> _ABOUT THIS EXERCISE_
In full and word for word, copy the listing; no pictures belong in the copy.

> _INFORMATION SUPPLIED_
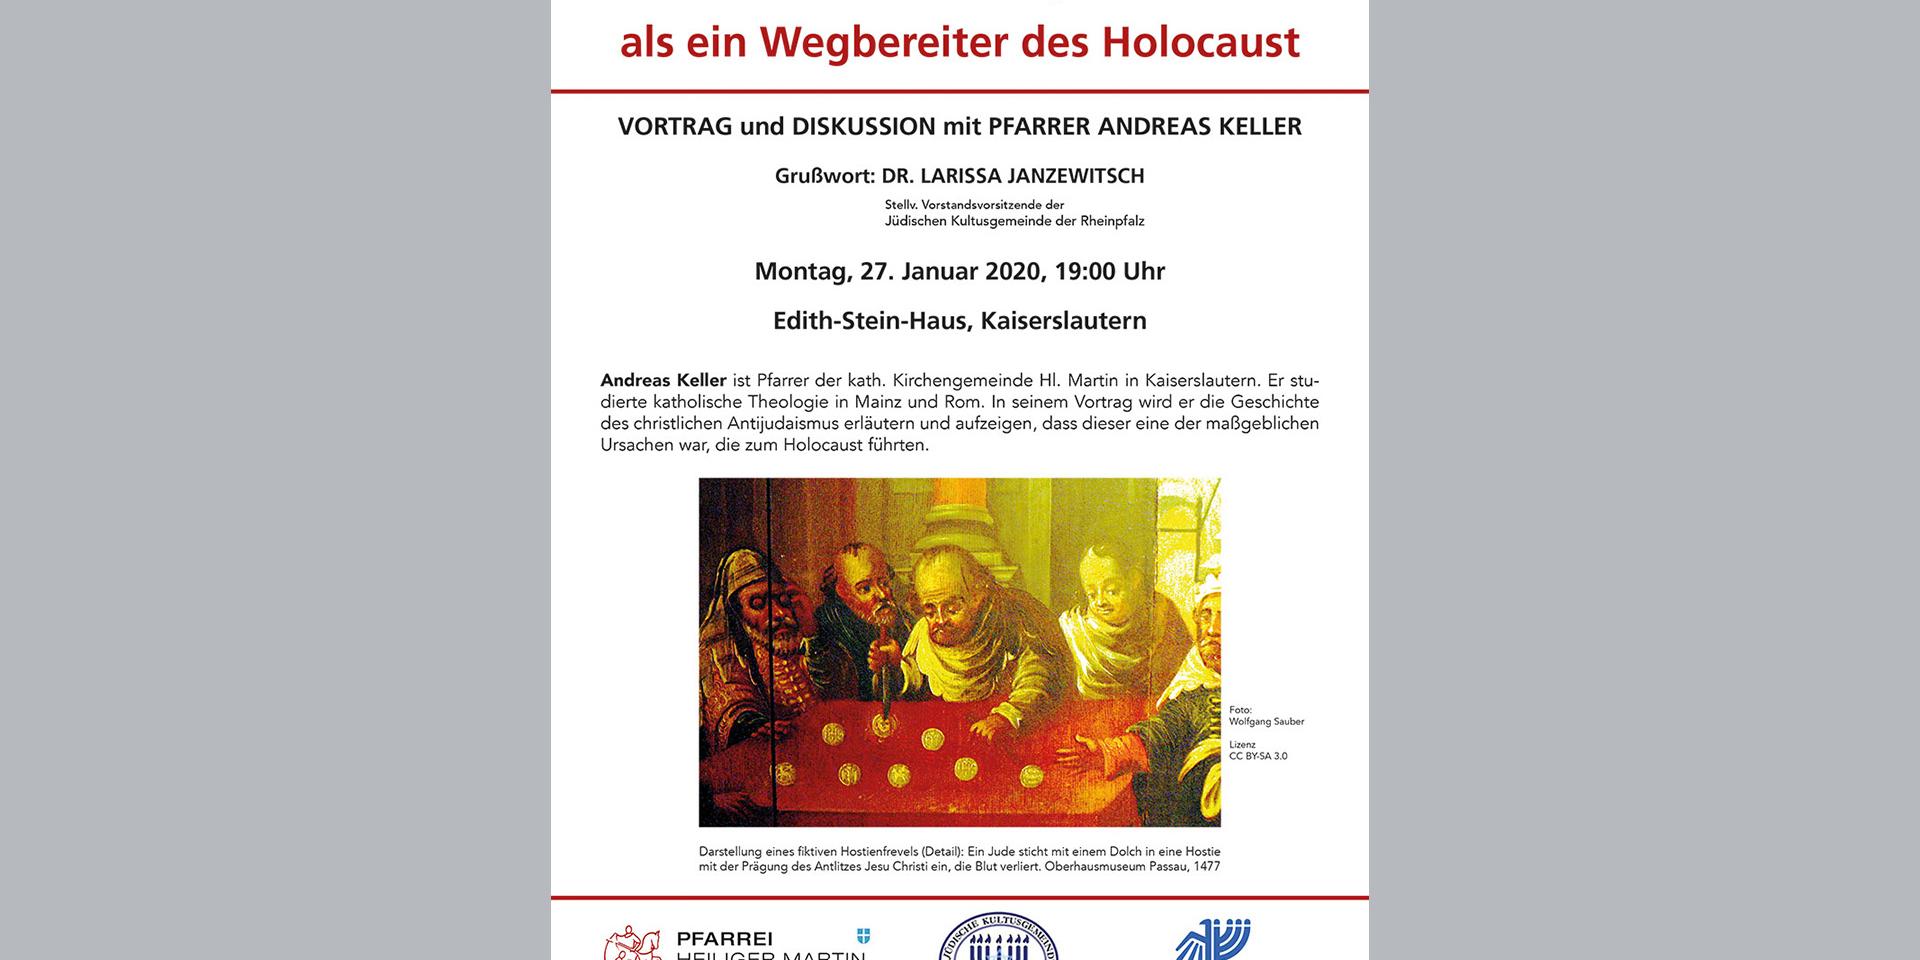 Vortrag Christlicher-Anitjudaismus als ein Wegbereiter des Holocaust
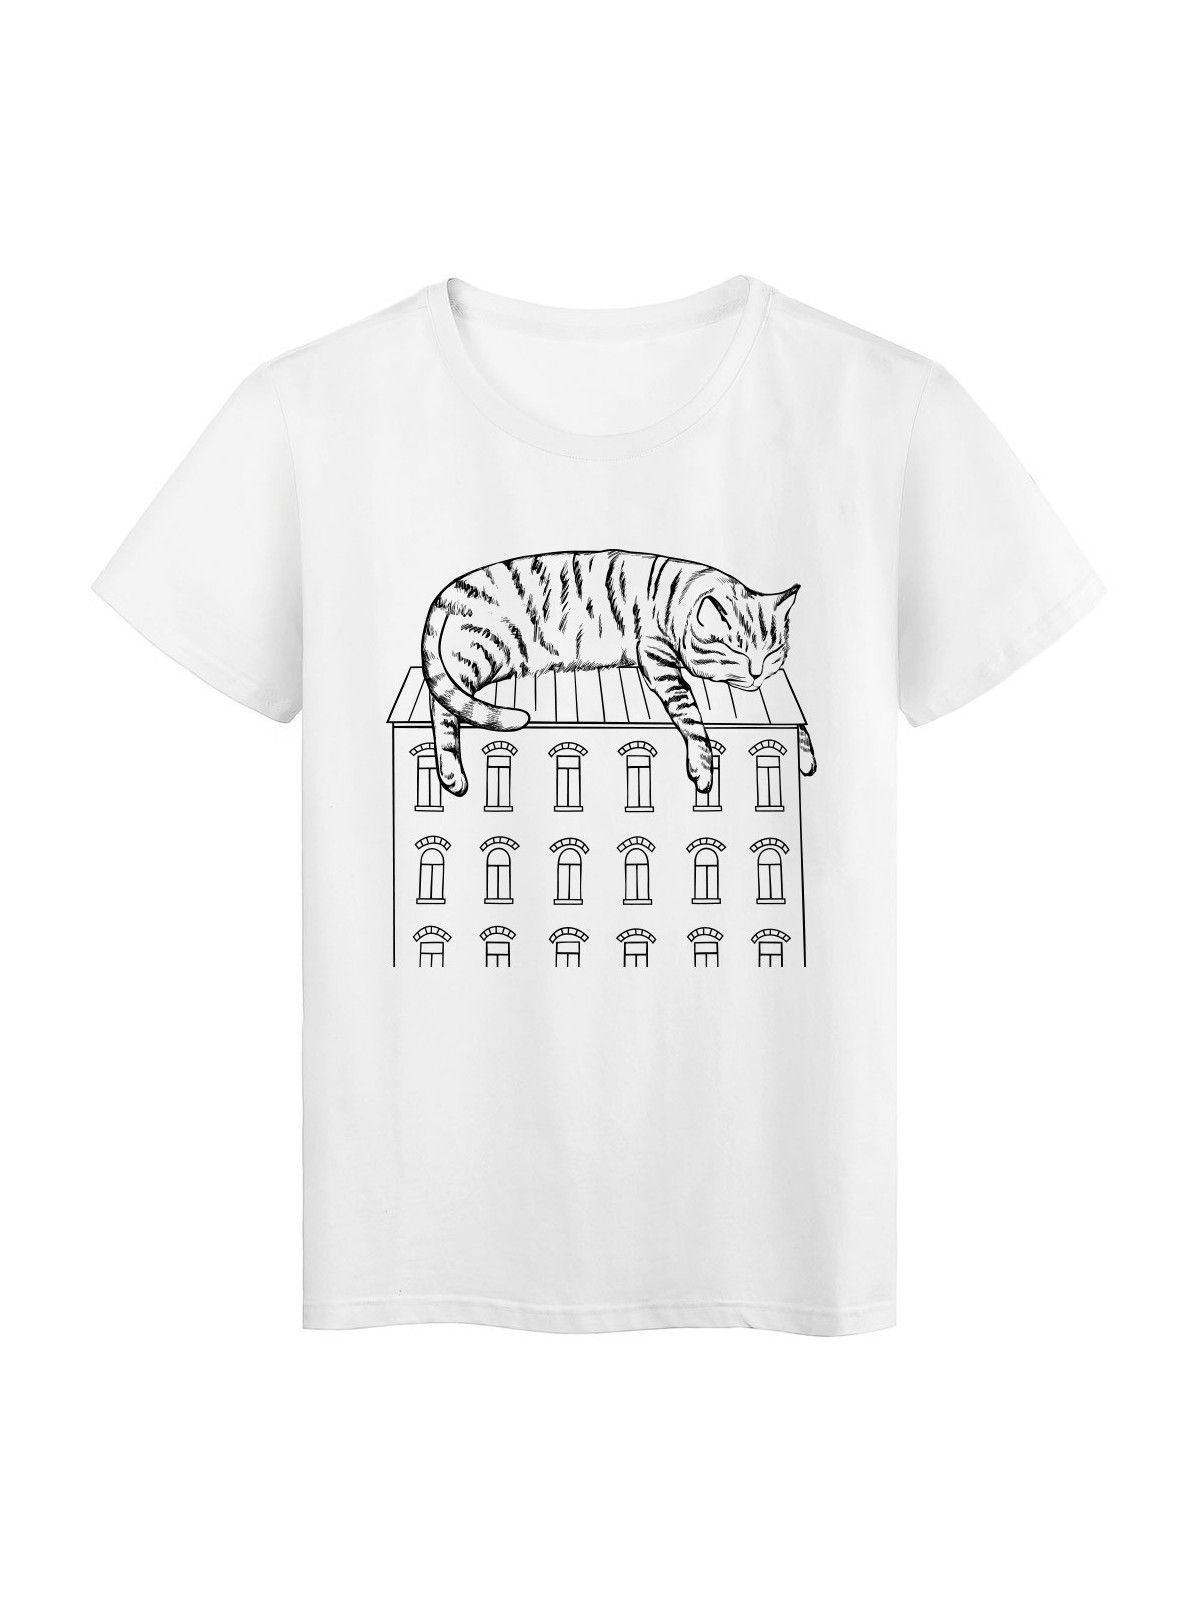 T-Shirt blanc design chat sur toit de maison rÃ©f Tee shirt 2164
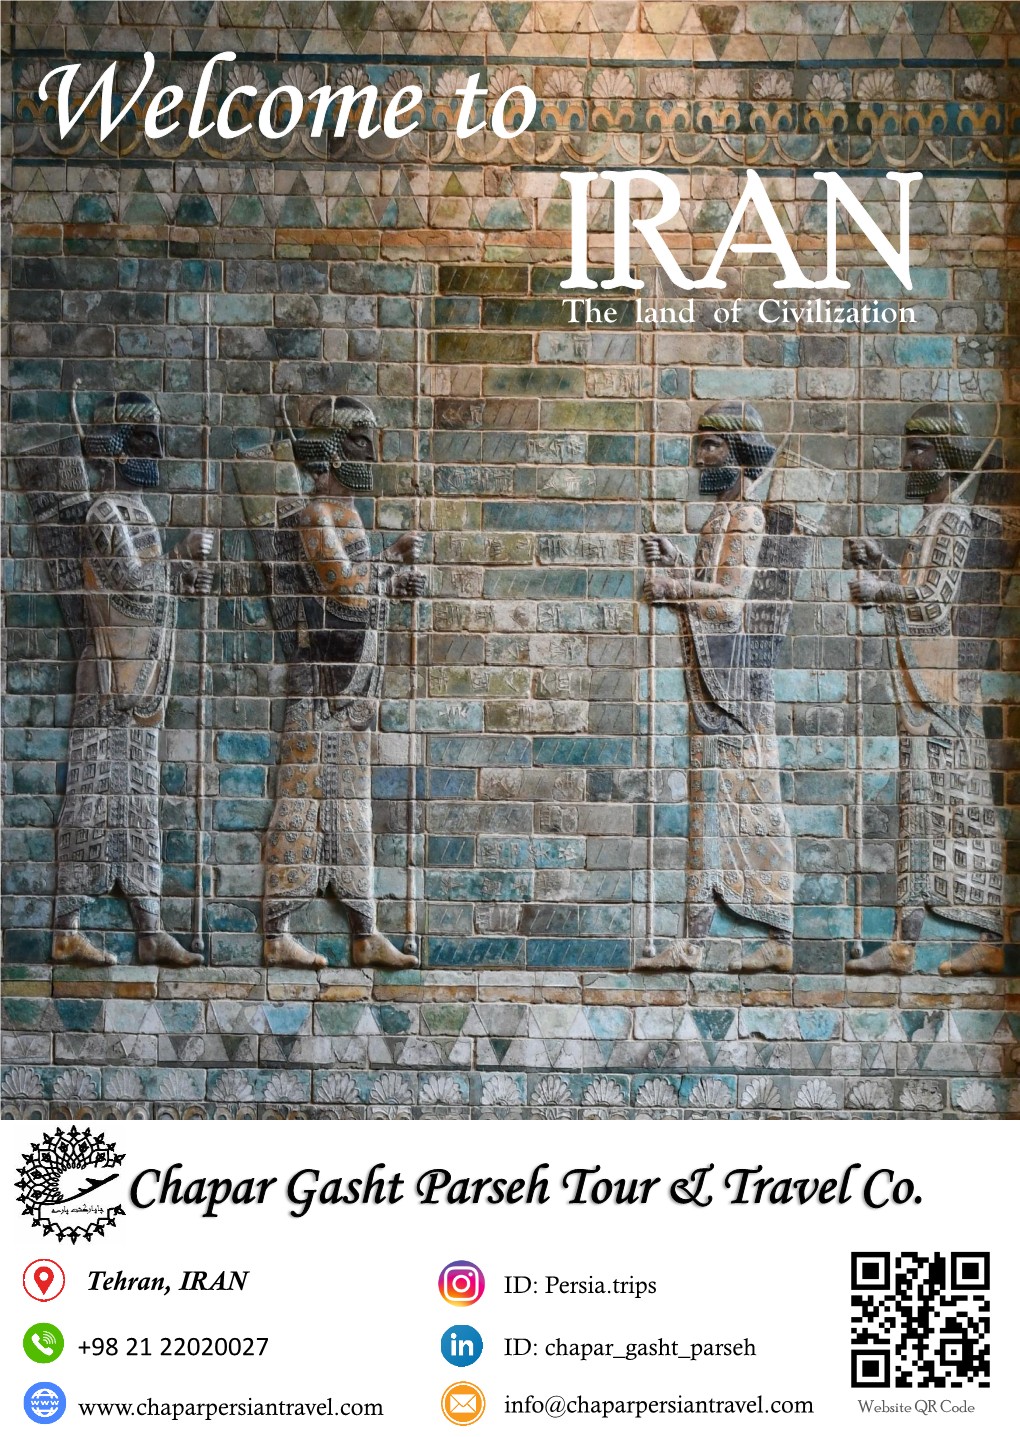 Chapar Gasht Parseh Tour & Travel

> _SOLUTION_
 Vortrag Christlicher-Anitjudaismus als ein Wegbereiter des Holocaust
 T-Shirt blanc design chat sur toit de maison rÃ©f Tee shirt 2164
 Chapar Gasht Parseh Tour & Travel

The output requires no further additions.